-------- DATASET SECTION

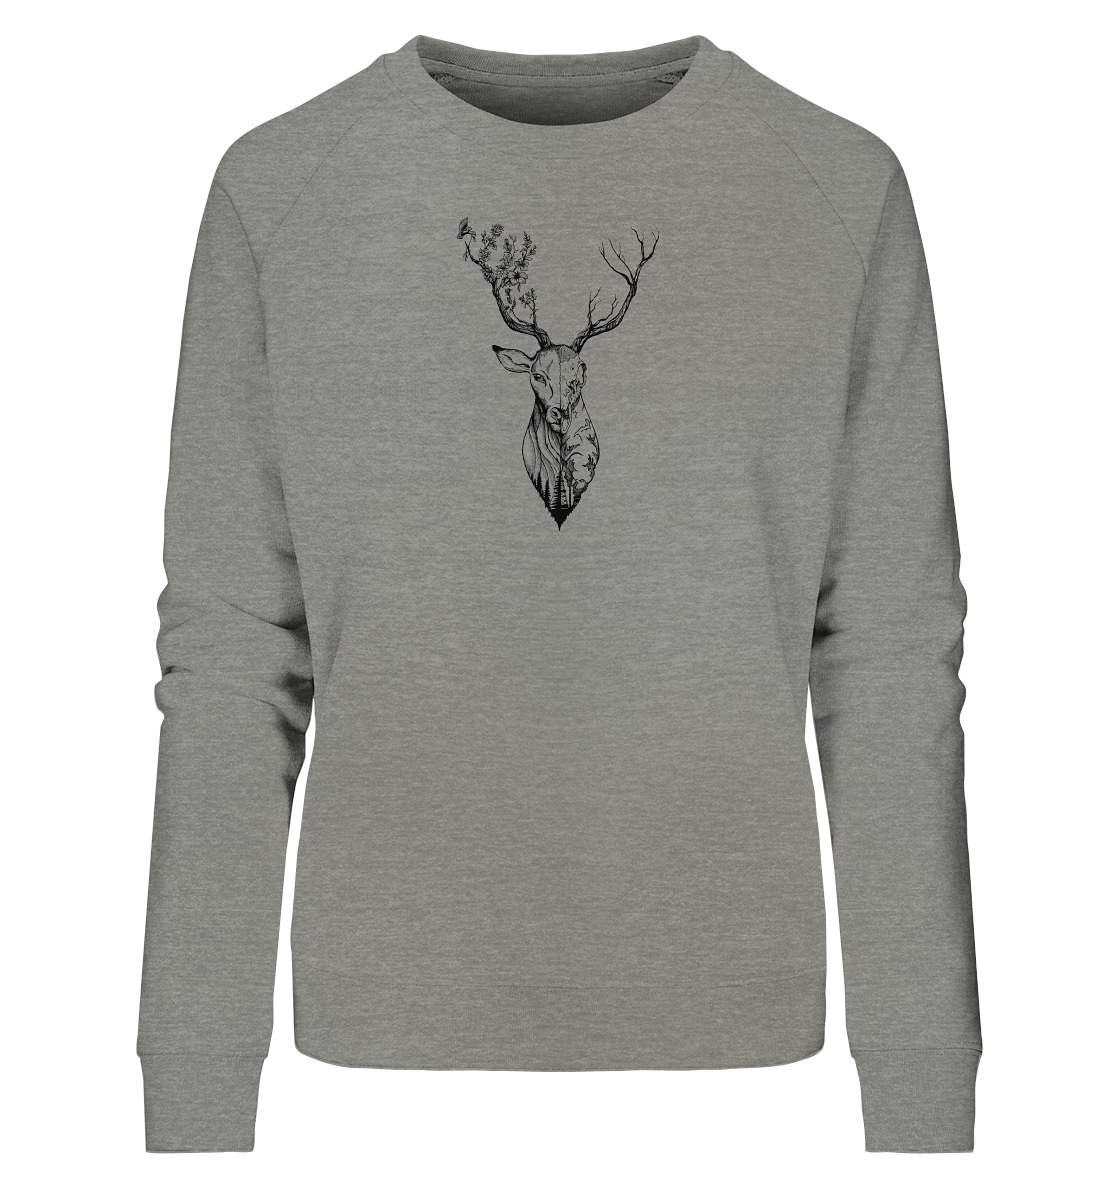 front-ladies-organic-sweatshirt-818381-1116x-14.png
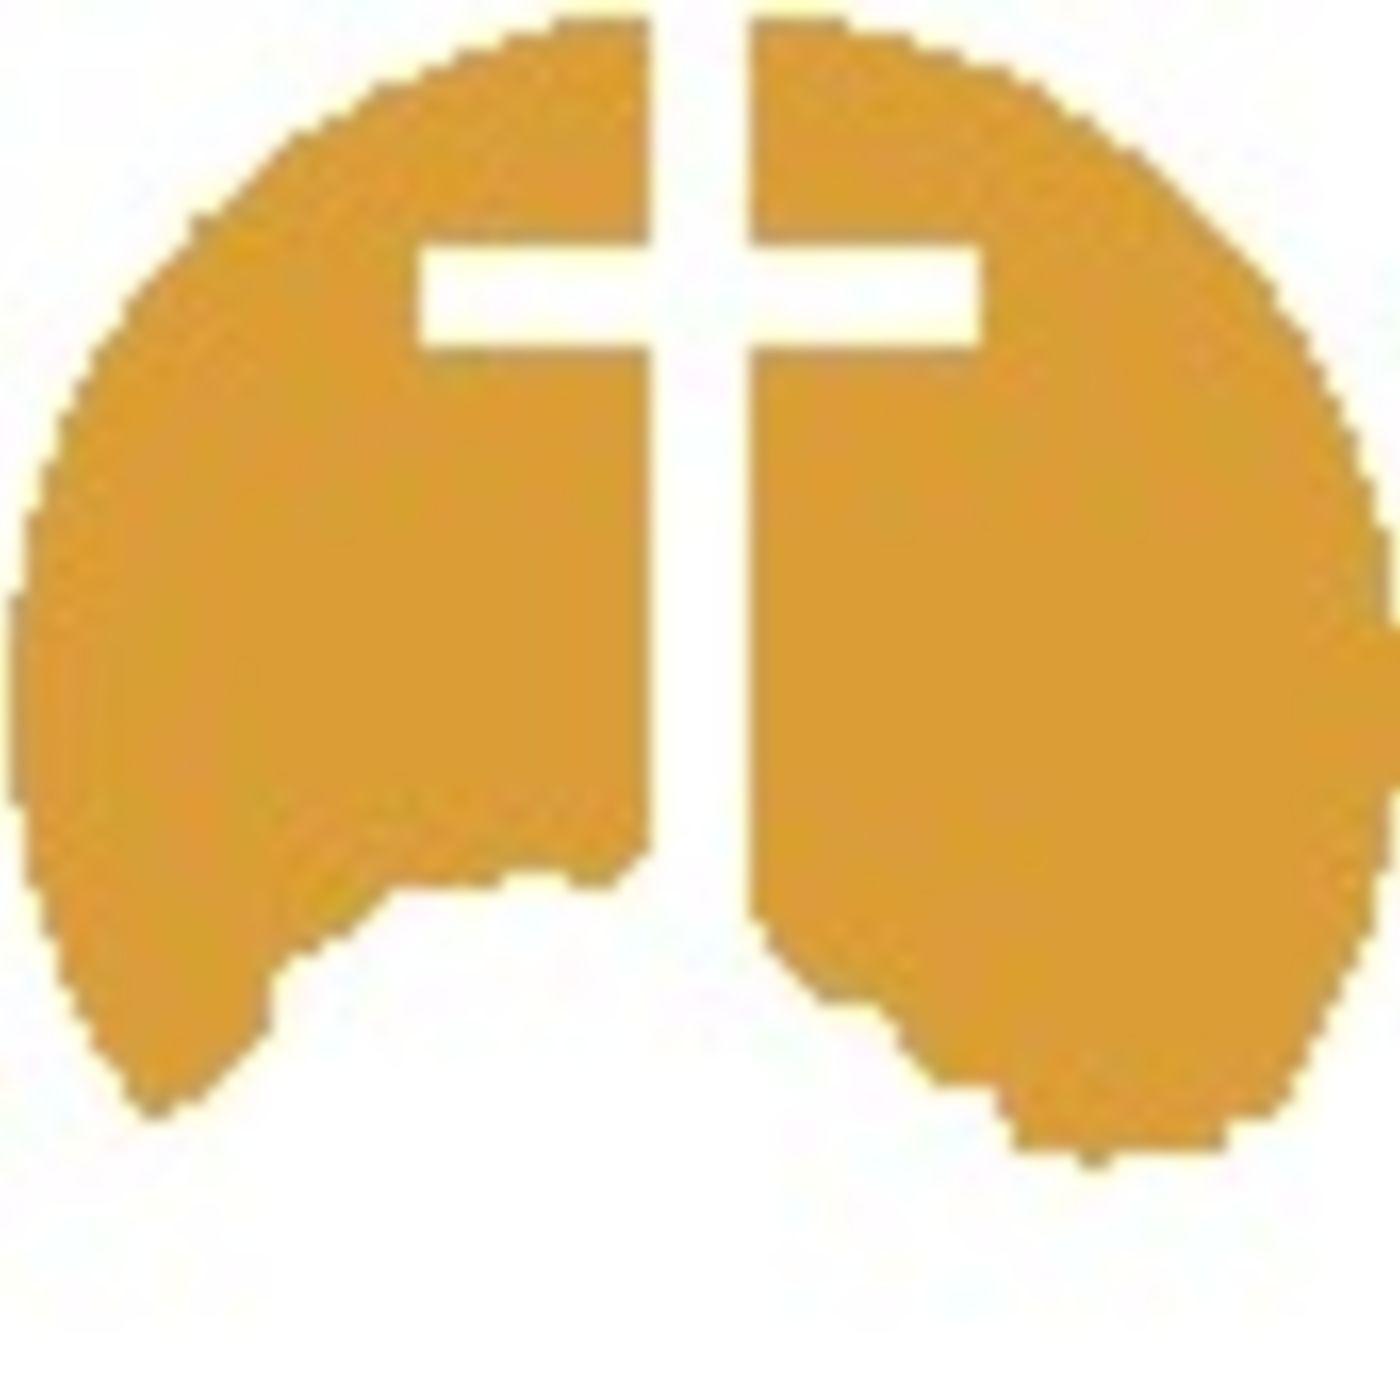 KBC School of Theology - The Trinity, Part 2
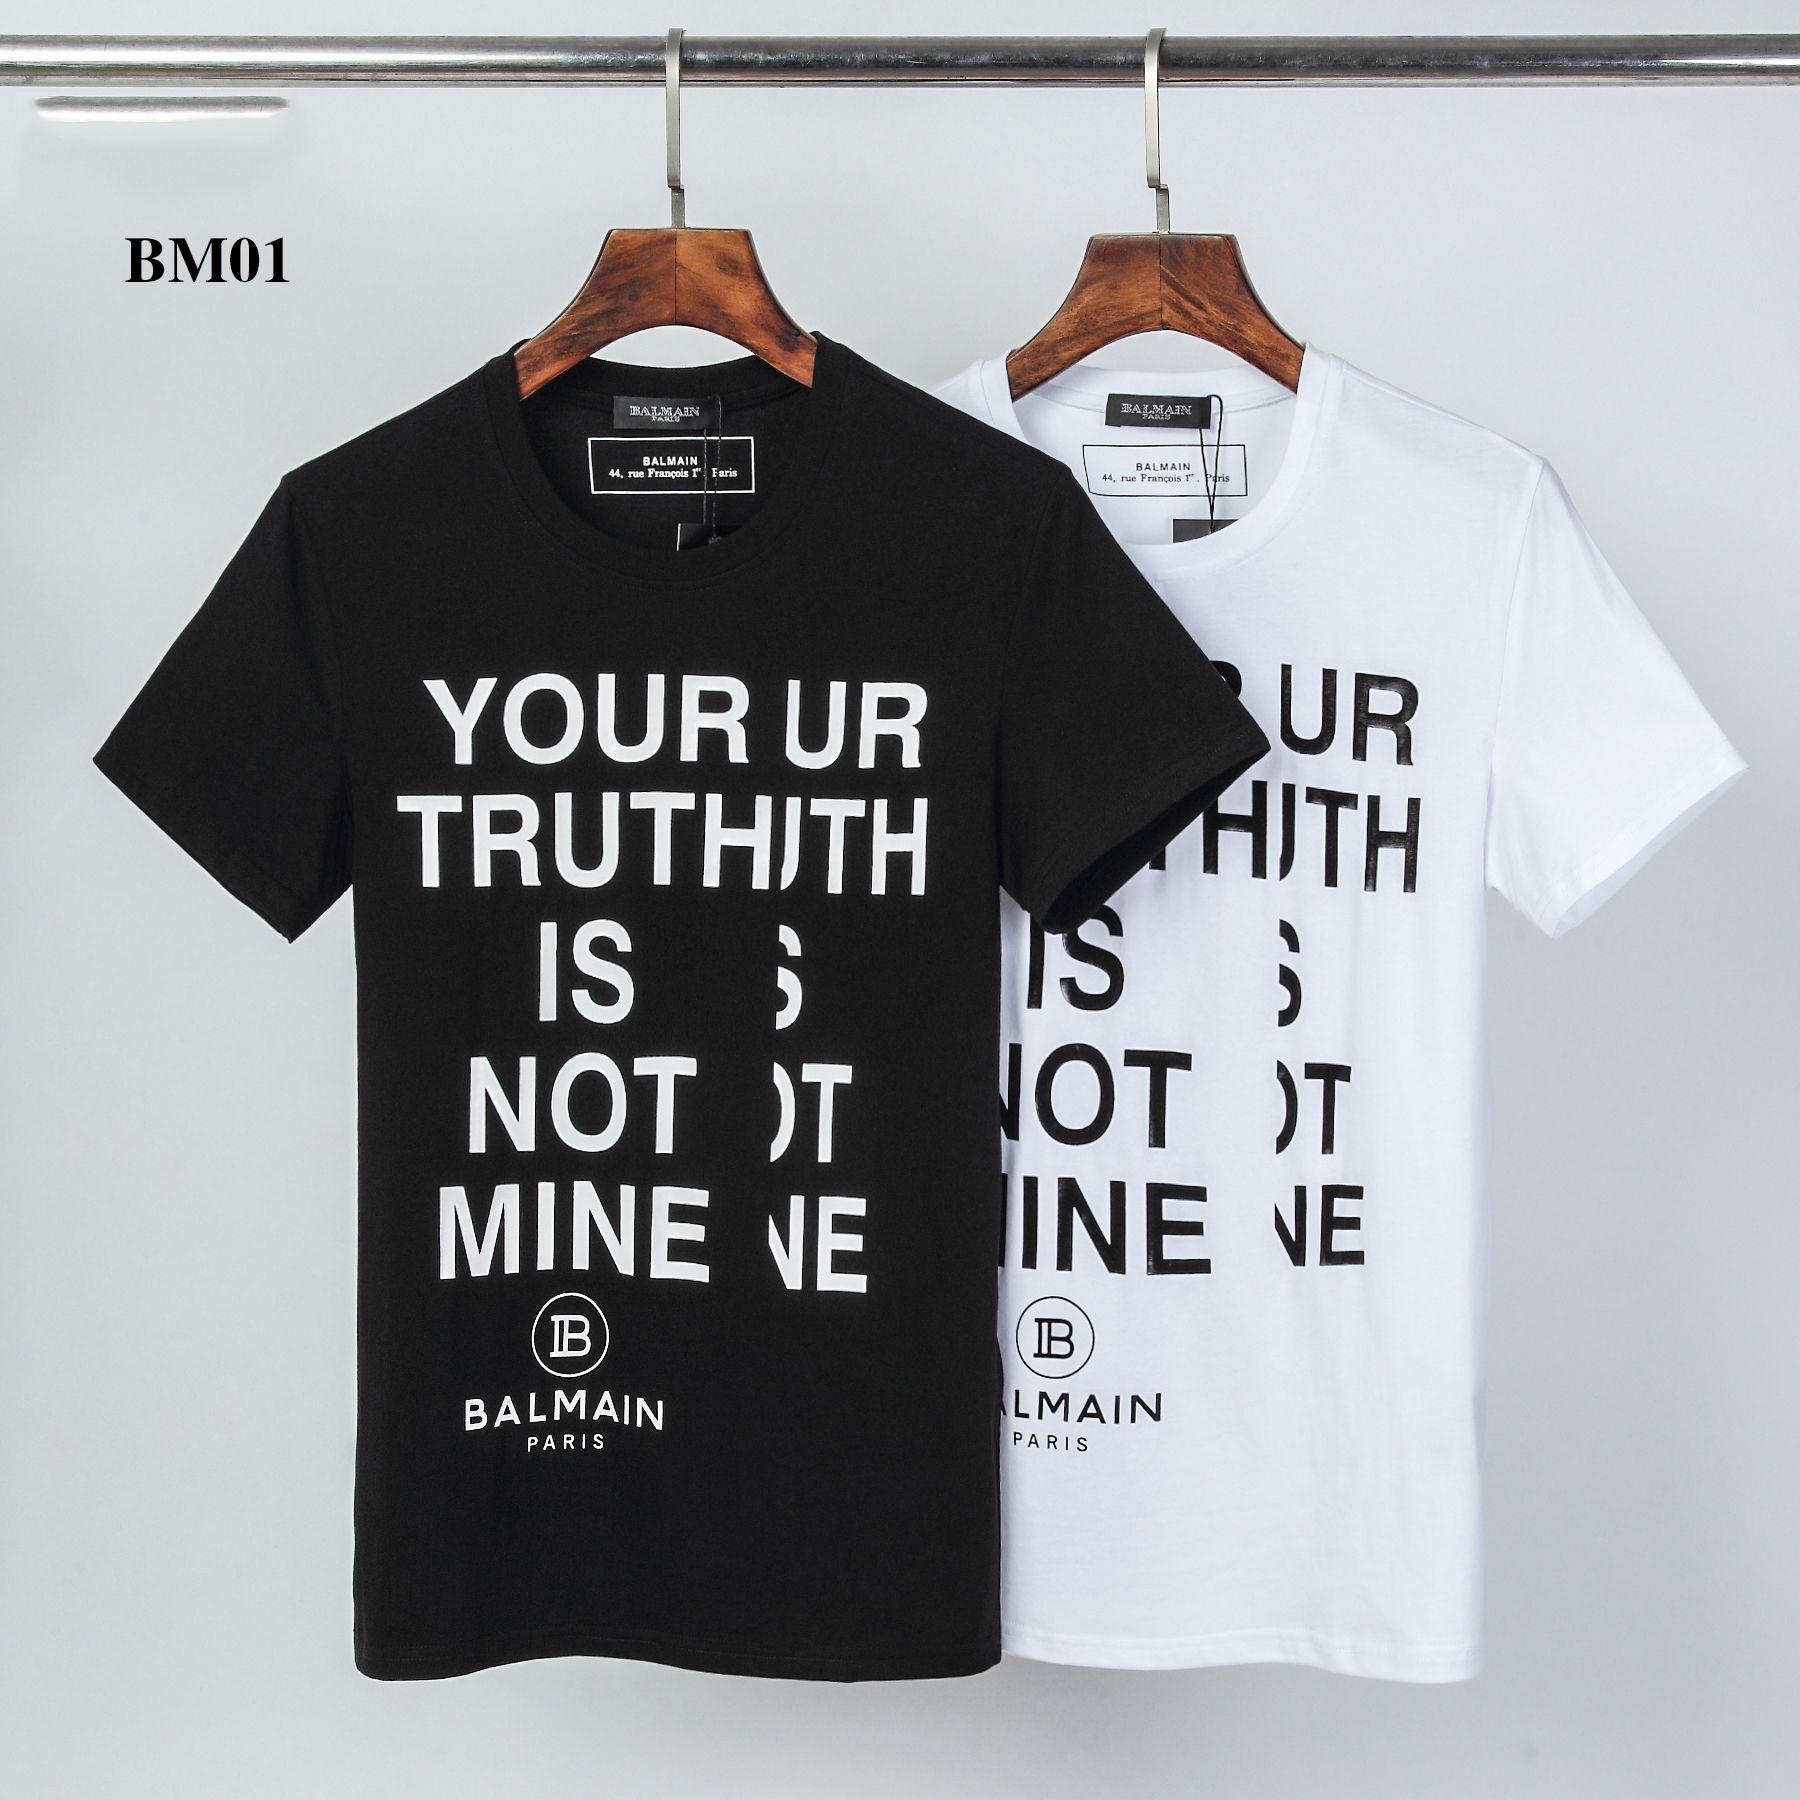 BM01 Designershirts Homens Mulheres Verão Novo Luxo T-shirt Mens Brandshirts manga curta letra impressa Mens Top Tees Streetwear 2020570K

----------------

▸ WHAT IS EXPECTED
With the pictures left out, return all the material above exactly.

▸ RESULT
 front-ladies-organic-sweatshirt-818381-1116x-14.png
 KBC School of Theology - The Trinity, Part 2
 BM01 Designershirts Homens Mulheres Verão Novo Luxo T-shirt Mens Brandshirts manga curta letra impressa Mens Top Tees Streetwear 2020570K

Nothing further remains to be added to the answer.